Dans la pratique, beaucoup de salariés entre 62 et 65 ans signent sans vérifier ce point, et découvrent le rappel fiscal un an plus tard. Si tu es dans cette tranche d'âge, demande à France Travail ou à ta caisse de retraite un relevé précis de ta situation avant de signer. Le régime chômage d'une rupture conventionnelle peut aussi être impacté si tu bascules vers un statut de retraité de fait.

Ce que ton employeur paie (et pourquoi ça te concerne indirectement)

Depuis le 1er janvier 2026 (LFSS 2026), l'employeur paie une contribution patronale unique de 40 % sur la fraction de l'indemnité exonérée de cotisations de sécurité sociale (donc sous les 2 PASS), contre 30 % de septembre 2023 à décembre 2025 (art. L137-12 du Code de la sécurité sociale). Ce nouveau taux vise les indemnités versées au titre d'une rupture dont le terme est postérieur au 1er janvier 2026. Cette contribution est à sa charge exclusive, pas à la tienne.

Pourquoi ça te concerne ? Parce que cette contribution pèse dans les arbitrages côté employeur. Pour une indemnité de 30 000 €, l'entreprise débourse 12 000 € de contribution en plus du montant versé.
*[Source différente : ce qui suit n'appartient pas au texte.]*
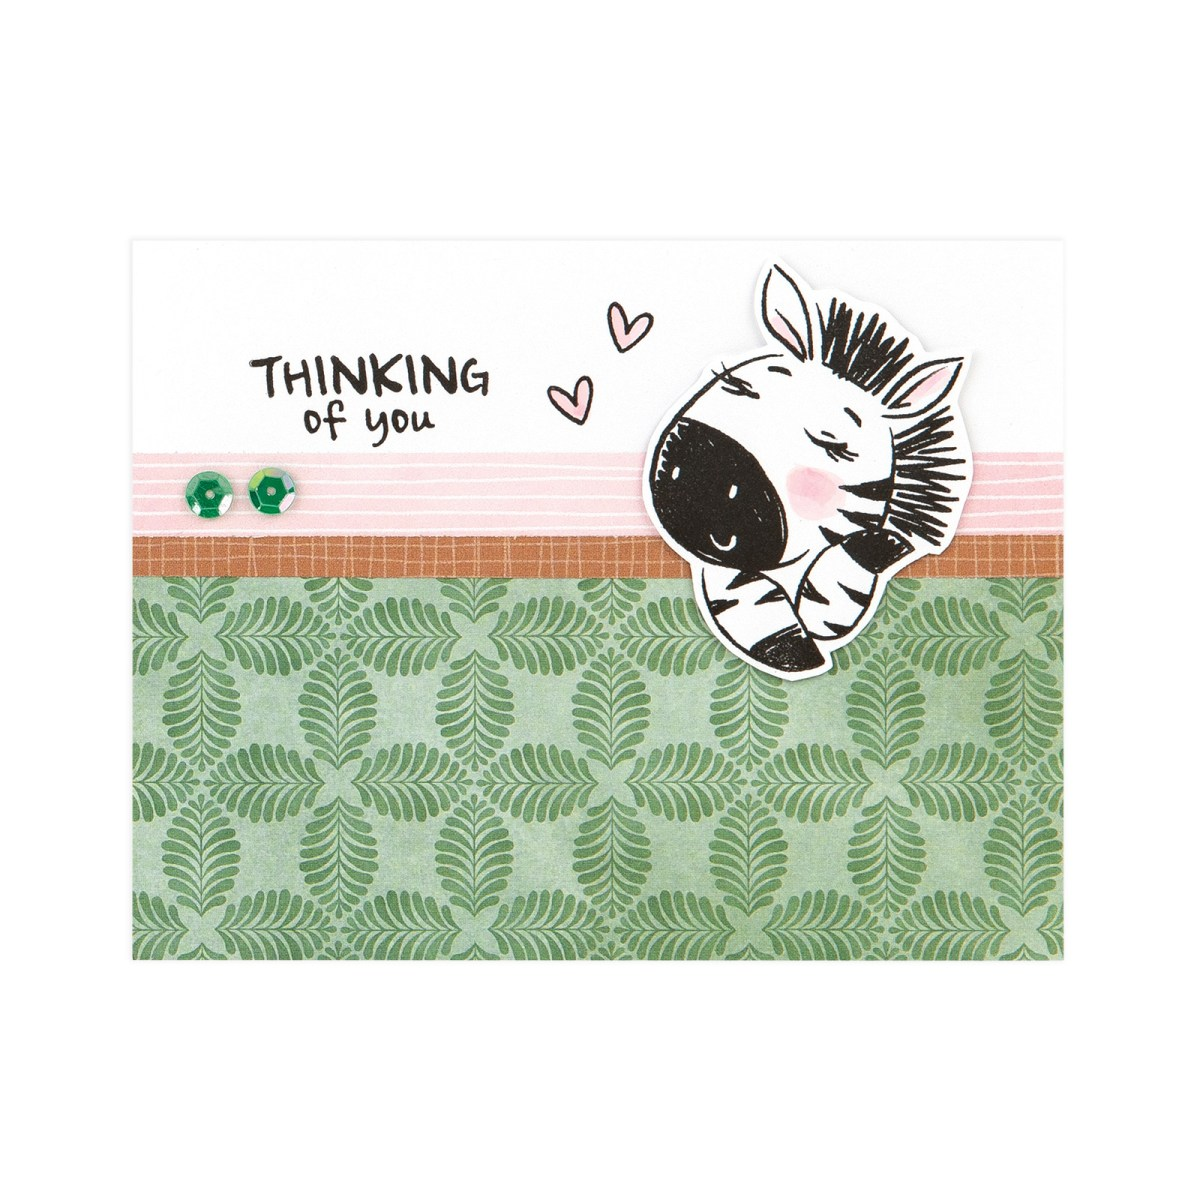 National Scrapbooking Day #closetomyheart #ctmh #nsd #ctmhnsd #nationalscrapbookingday #closetomyheartnsd #closetomyheartnationalscrapbookingday #sendingyouhugs #cardmaking #cardmakingworkshop

Certaines entreprises en tiennent compte en proposant des montants inférieurs, ou en privilégiant d'autres modes de rupture (transaction, licenciement pour motif personnel).

Concrètement, en négociation de rupture, il peut être stratégique de garder cette contribution en tête pour comprendre les marges de manœuvre de ton employeur, et pour proposer un montage mixte (indemnité plus faible + avantages annexes comme outplacement, portabilité CPF étendue, maintien mutuelle) qui optimise le coût total pour l'entreprise tout en préservant ton net.

Déclarer l'indemnité sur ta feuille d'impôts

L'indemnité est versée par l'employeur dans le dernier bulletin de salaire, accompagnée d'un récapitulatif fiscal. La part exonérée n'apparaît pas dans tes revenus imposables préremplis. La part imposable, si elle existe, est reprise automatiquement sur ta déclaration de revenus 2026 en case 1AJ (traitements et salaires).

Vérifie systématiquement le détail avant de valider : l'employeur peut se tromper sur le plafond retenu, surtout quand les trois calculs donnent des résultats proches. En cas d'erreur dans ton sens (montant exonéré sous-évalué), corrige la case 1AJ et garde les pièces justificatives : bulletins de salaire de l'année précédente (pour prouver la rémunération brute annuelle), convention de rupture homologuée, relevé de carrière si tu veux prouver que tu n'étais pas en âge de partir à la retraite.

Pour un calcul précis du net effectif après impôt sur ton salaire final, utilise le simulateur de revenu imposable. Une rupture conventionnelle bien structurée fiscalement peut représenter plusieurs milliers d'euros de différence par rapport à un licenciement ordinaire ou à une démission sèche.